Re: How to search for a string in a .pdf or .docx's contents?

16 Apr 2016, 19:39

Hi SifJar,
Our messages crossed. I just spent the last half-hour trying to create an account there (which is the only way to get the PDF). Tried numerous usernames and numerous email addresses. Nothing worked. Were you able to register there?
kon
Posts: 1756
Joined: 29 Sep 2013, 17:11

Re: How to search for a string in a .pdf or .docx's contents?

16 Apr 2016, 20:47

Exaskrys, did you try qwerty12's suggestion? It looks promising.

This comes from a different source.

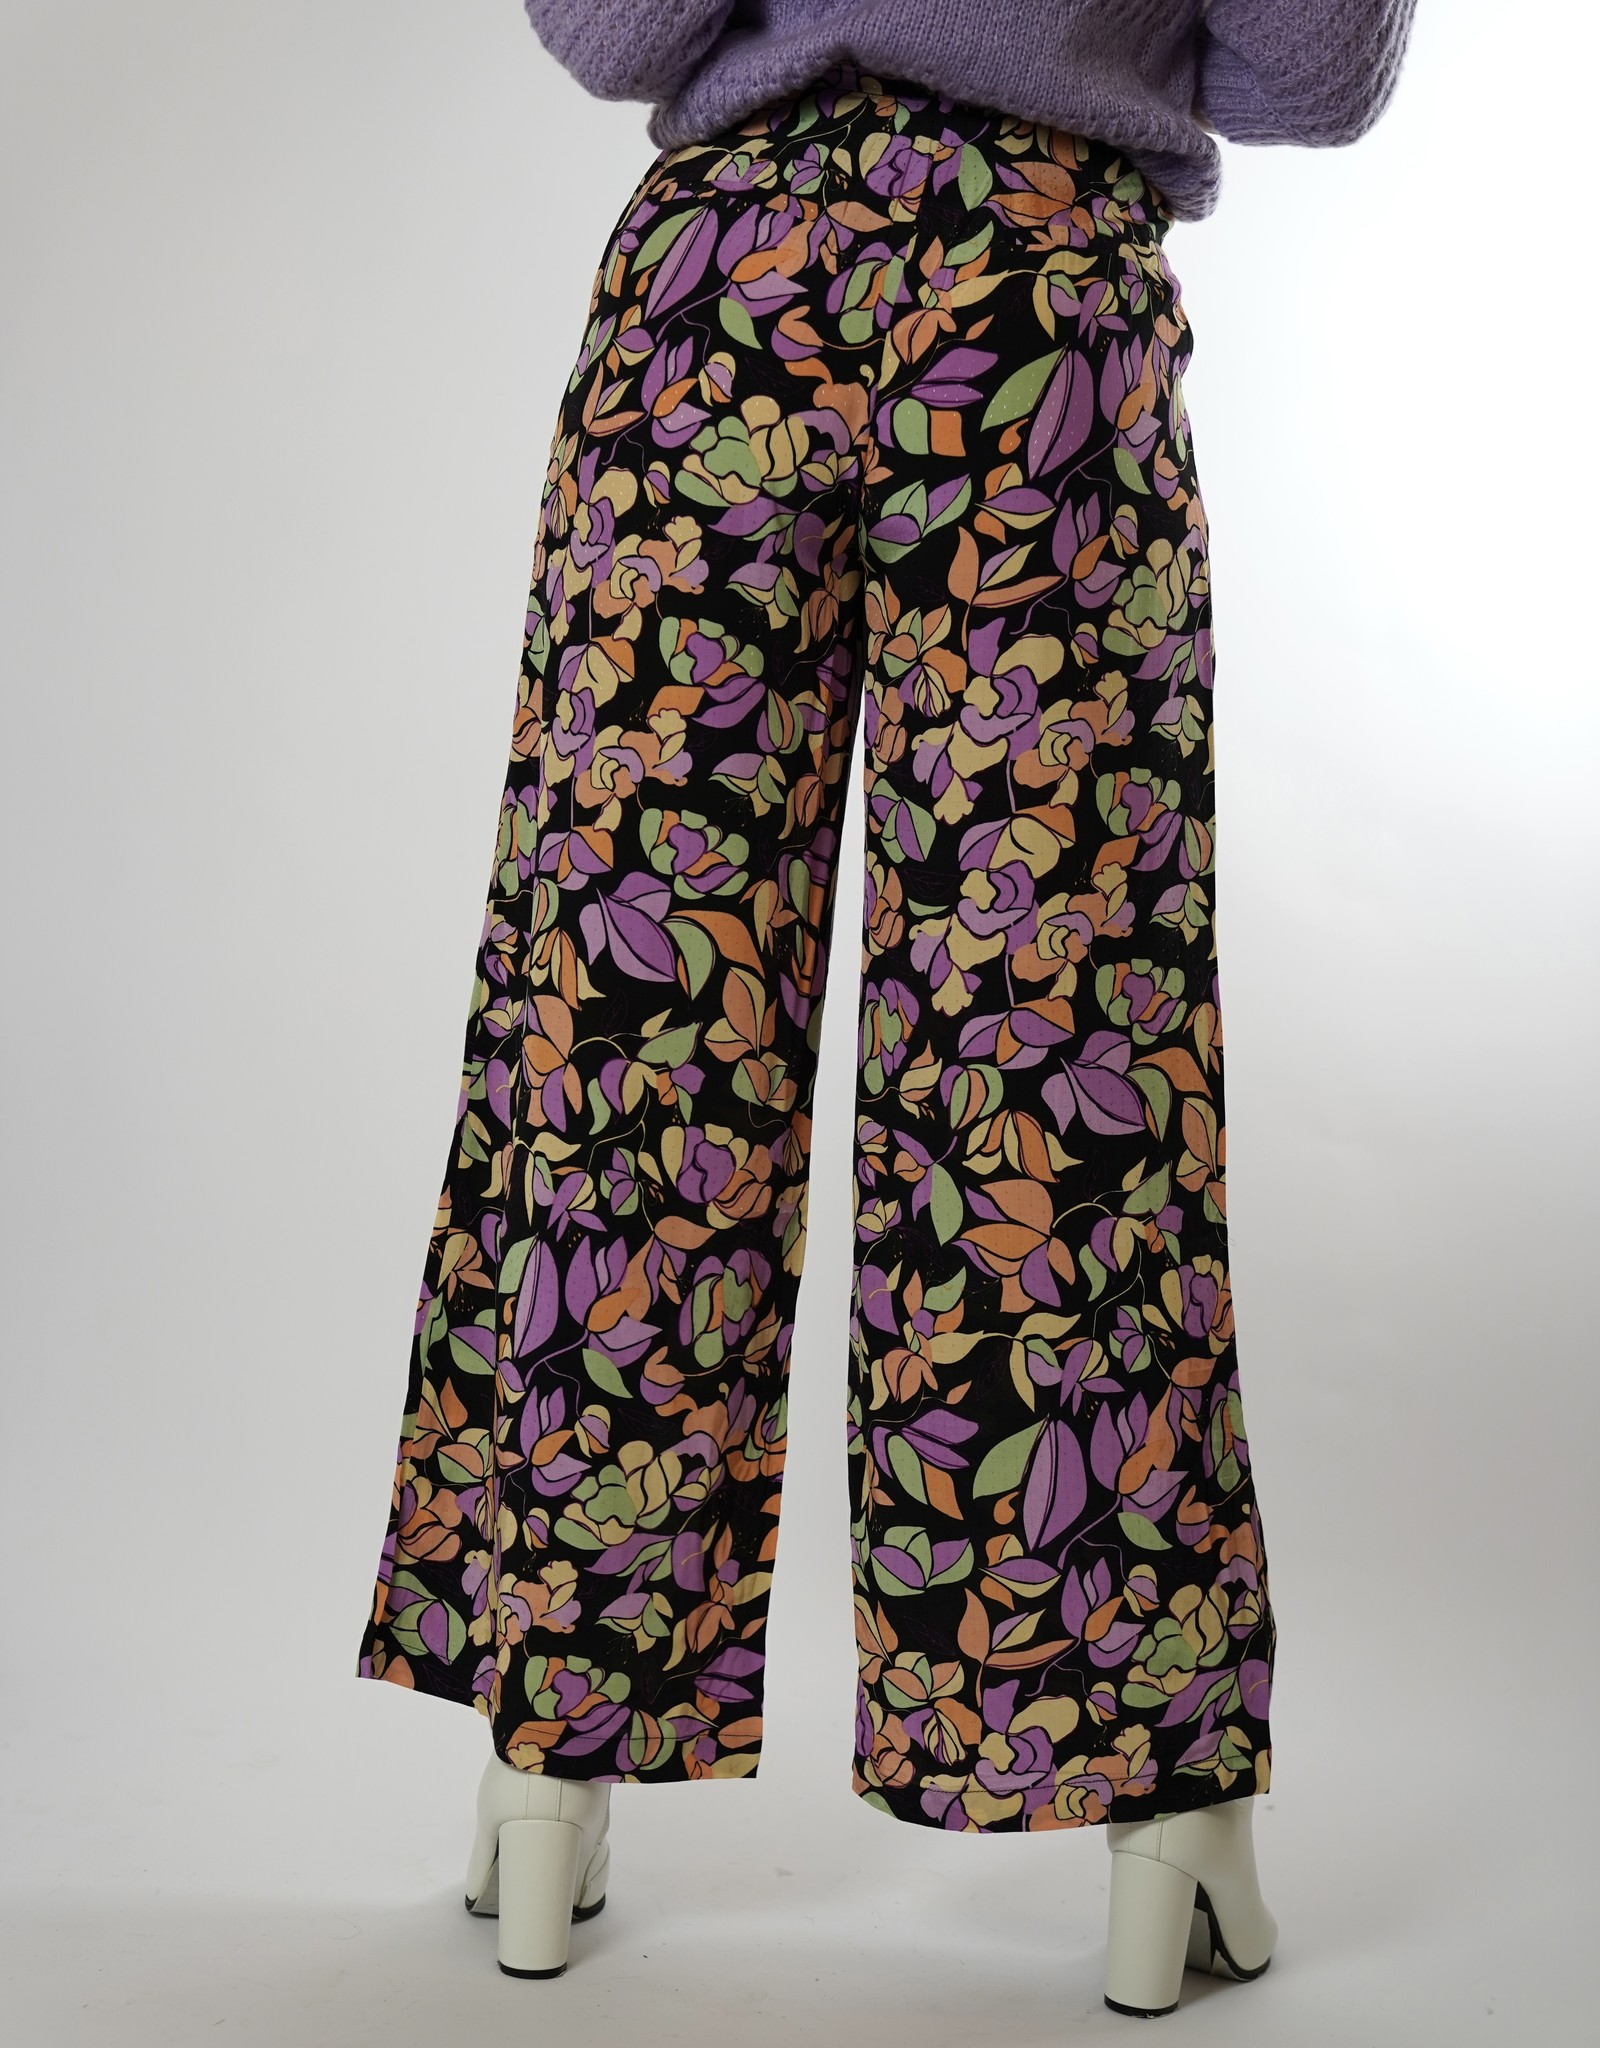 FRNCH FRNCH- Pandiale Pantalon

I had this lying around, even if you don't use it, future AHK users may find it useful... This is an example of using xpdf's pdftotext. It doesn't need to write xpdf's output to a file because it uses the stdout (it passes the results of the conversion to the AHK script in memory).

Code: Select all

FileSelectFile, MyFile ; Select a pdf file
MsgBox, % PdfToText(MyFile)
return

PdfToText(PdfPath) {
    static XpdfPath := """" A_ScriptDir "\xpdfbin-win-3.04\bin32\pdftotext.exe"""
    objShell := ComObjCreate("WScript.Shell")
 
    ;--------- Building CmdString (look in the .txt docs incuded with xpdf):
    ; From the xpdf docs in [ScriptDir]\xpdfbin-win-3.04\doc\pdftotext.txt:
    ;   SYNOPSIS
    ;       pdftotext [options] [PDF-file [text-file]]
    ;   ...
    ;       If text-file is '-', the text is sent to stdout.
    ; Options (Example option. Look in the xpdf docs for more):
    ;   -nopgbrk    Don't insert page breaks (form feed characters)  between  pages.
    ;---------
    CmdString := XpdfPath " -nopgbrk """ PdfPath """ -"
    objExec := objShell.Exec(CmdString)
    while, !objExec.StdOut.AtEndOfStream ; Wait for the program to finish
        strStdOut := objExec.StdOut.ReadAll()
    return strStdOut
}
User avatar
Masonjar13
Posts: 1459
Joined: 20 Jul 2014, 10:16
GitHub: Masonjar13
Location: Не Россия

Re: How to search for a string in a .pdf or .docx's contents?

16 Apr 2016, 22:04

I got the file and everything, but I'm not getting any crashes, or returned values. Using A32 of AHK, I get system error 2 (ERROR_FILE_NOT_FOUND). Using U32, there is no system 2 error, but throws a few other errors (requires "Cdecl" in the dllcall and disallows "\ExtractText" to be in the LoadLibrary call). Fixing those errors, there's just not any return value.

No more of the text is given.